Calpine’s CCFC Sutter Energy LLC proposes to suspend operation of its Sutter Energy Center and place it in a cold layup status. The PUC requires power plant operators to notify the commission and the California Independent System Operator (CAISO) at least 90 days in advance before changing the long-term status of a power plant. The draft resolution affirms that CCFC has complied with the applicable standards and authorizes it to suspend operation of Sutter and place it in cold layup for at least 2016.
Sutter, located in Yuba City, Sutter County, consists of two gas-fired combustion turbine units and one steam turbine unit. Calpine owns and operates the plant through its subsidiary CCFC Sutter Energy. The plant began commercial operation in July 2001.
Sutter was originally connected to the Western Area Power Administration (WAPA) transmission system that was under CAISO’s operational control. In January 2005, WAPA withdrew from CAISO’s control, which “crippled” Sutter’s ability to dispatch into the market, said the resolution.
In December 2005, the Federal Energy Regulatory Commission approved Sutter’s pseudo-tie agreement with CAISO and allowed it to re-enter the market. The agreement, however, imposes upon Sutter a WAPA transmission charge that Sutter, otherwise, would not have incurred if WAPA remained under CAISO’s control. This situation created market challenges for Sutter.
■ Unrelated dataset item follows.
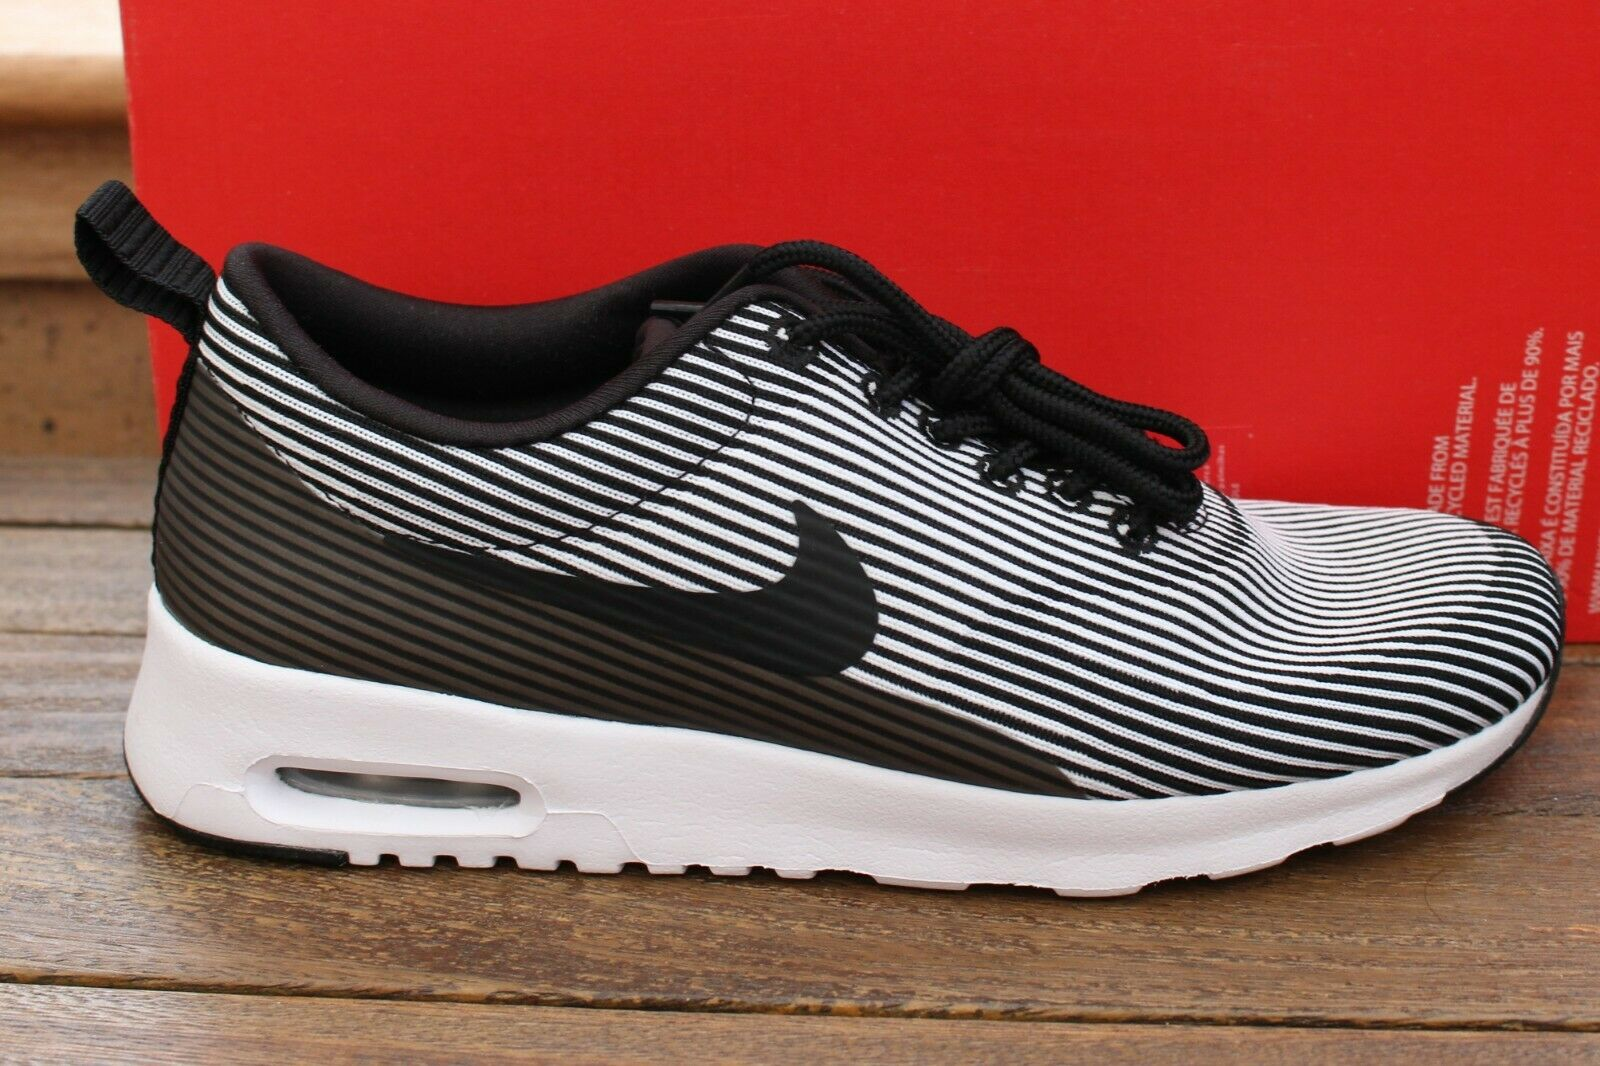 damen Nike Air Max Thea KJCRD Trainers 718646-003 UK sz's 4 & 5

Sutter, alternatively, tried to procure Resource Adequacy (RA) contracts. While it successfully secured a number of contracts between 2005 and 2011, those contracts failed to provide the revenue needed to support Sutter’s long-term viability. As a result, in November 2011, Calpine notified the commission that it would retire Sutter in 2012. In response, the commission ordered investor-owned utilities (IOUs) to negotiate a short-term contract with Calpine. Sutter, ultimately, negotiated a limited term RA capacity contract with the IOUs. Those contracts ended on Dec. 31, 2012.
Currently, Sutter does not have a contract and sells power to CAISO by virtue of the pseudo-tie agreement. Calpine is not seeking a Capacity Procurement Mechanism (CPM) designation from CAISO as CAISO has determined that Sutter will not be needed for grid reliability through at least 2016. Calpine also anticipates that Sutter will not be needed in 2017. Therefore, Calpine proposes to suspend operation of Sutter and place it in cold layup.